- Genre: Sitcom
- Created by: Ruthie Shatz Irving Shatz
- Developed by: Madeline Sunshine Steve Sunshine
- Directed by: Blake Edwards
- Starring: Julie Andrews James Farentino Eugene Roche Hayley Tyrie Rider Strong
- Theme music composer: Henry Mancini
- Composer: Nan Schwartz
- Country of origin: United States
- Original language: English
- No. of seasons: 1
- No. of episodes: 7 (2 unaired)

Production
- Executive producers: Tony Adams Jeffrey Auerbach Blake Edwards Madeline Sunshine Steve Sunshine
- Running time: 30 minutes
- Production companies: Blake Edwards Television Viacom Productions

Original release
- Network: ABC
- Release: May 30 – July 4, 1992

= Julie (TV series) =

1992 American television sitcom

Julie is an American sitcom starring Julie Andrews which aired on ABC from May 30 to July 4, 1992. Blake Edwards, Andrews' husband, was the director and executive producer of the series.

==Synopsis==
Andrews starred as Julie Carlisle, a television personality who marries a veterinarian, Sam McGuire (James Farentino).
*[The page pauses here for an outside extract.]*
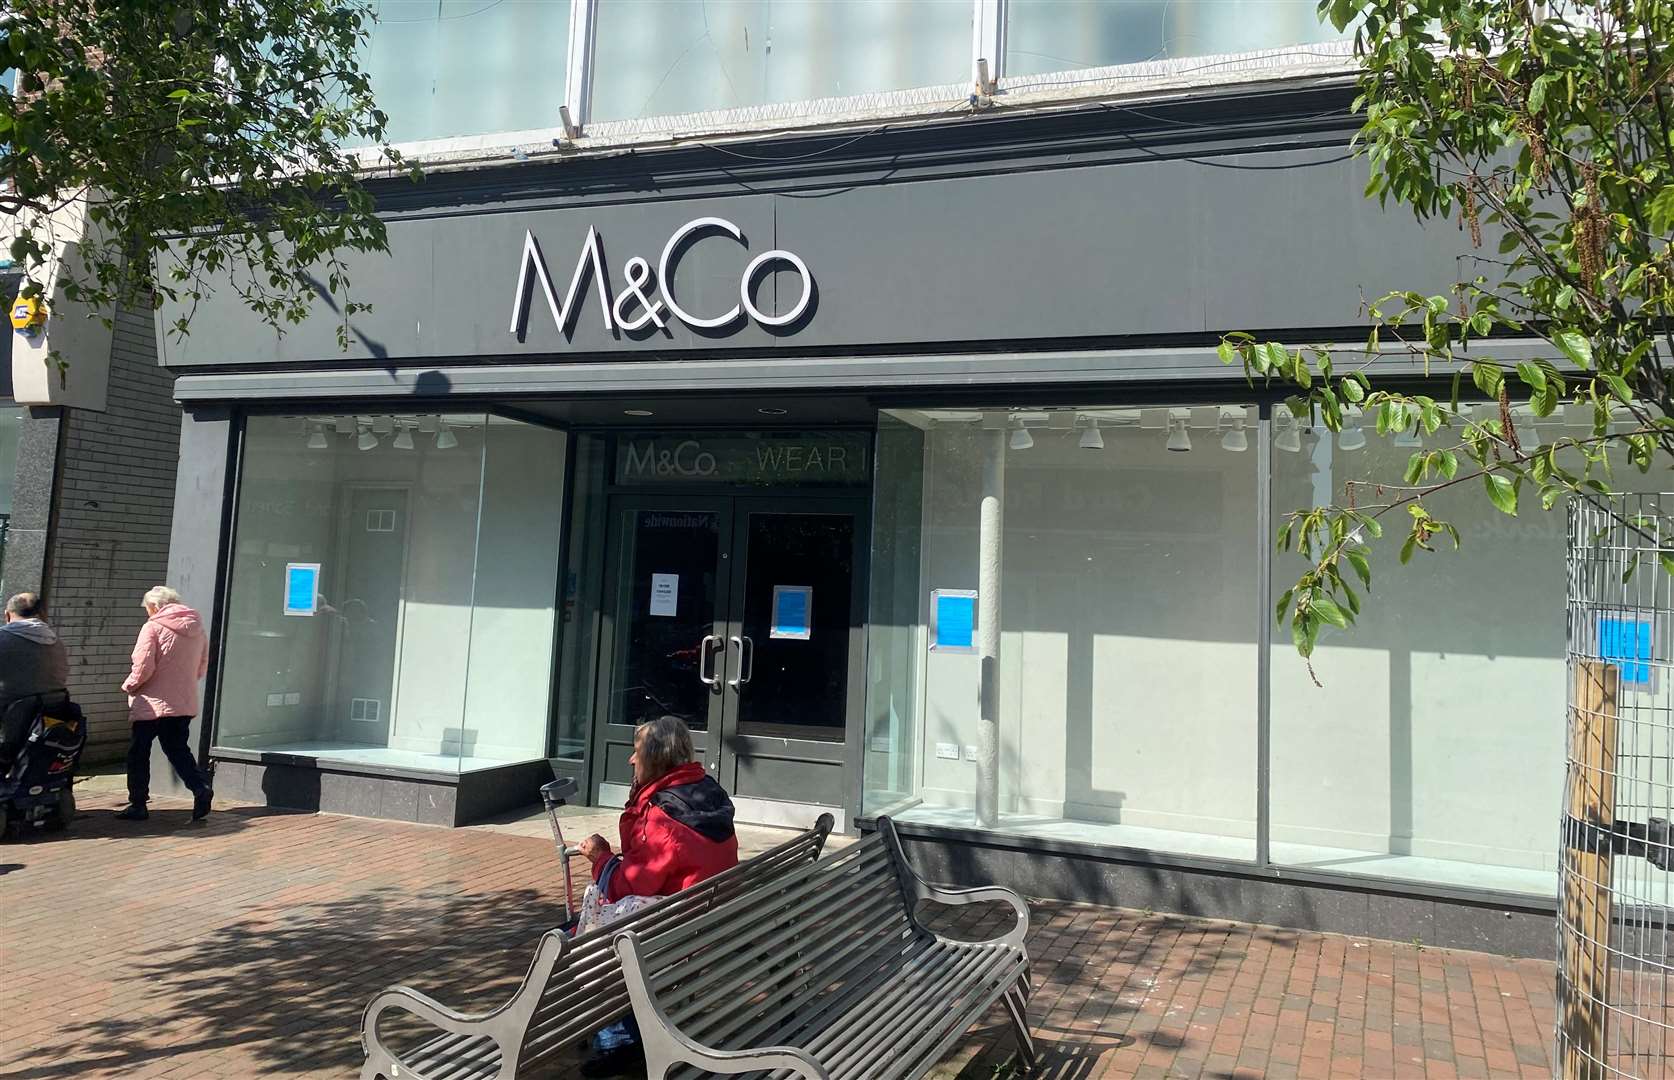 The former M&Co shop, which takes up a prominent position in Deal high street, will be turned into a Lounge bar
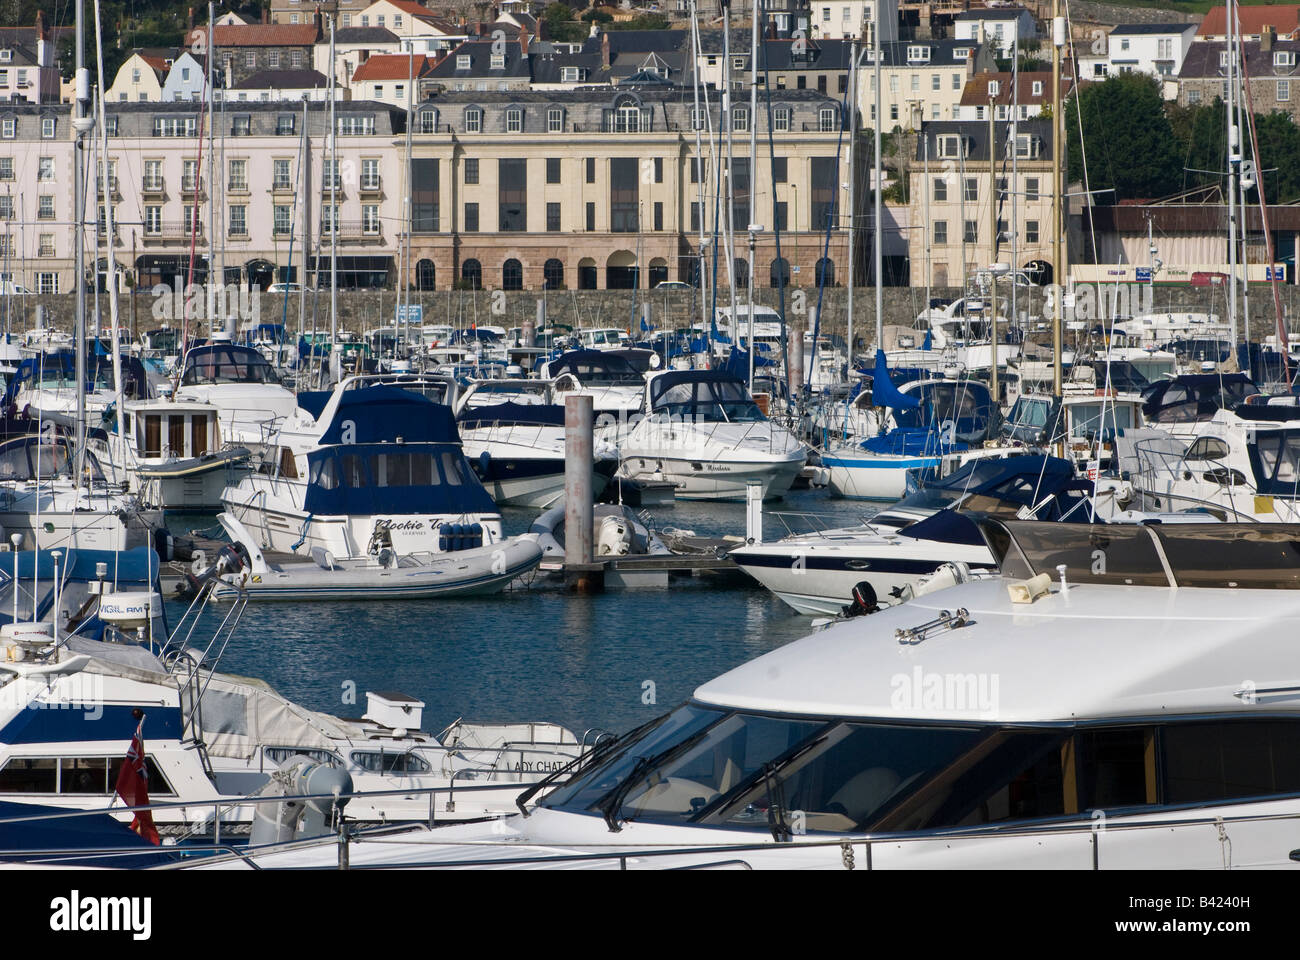 Financial centre and marina, St Peter Port, Guernsey. Stock Photo

Julie, along with her new husband and stepchildren, relocates to Sioux City, Iowa. The series chronicled her new life in coping with a career and family; it was largely panned by critics and was subsequently canceled after six episodes had aired (seven had been produced) due to low ratings.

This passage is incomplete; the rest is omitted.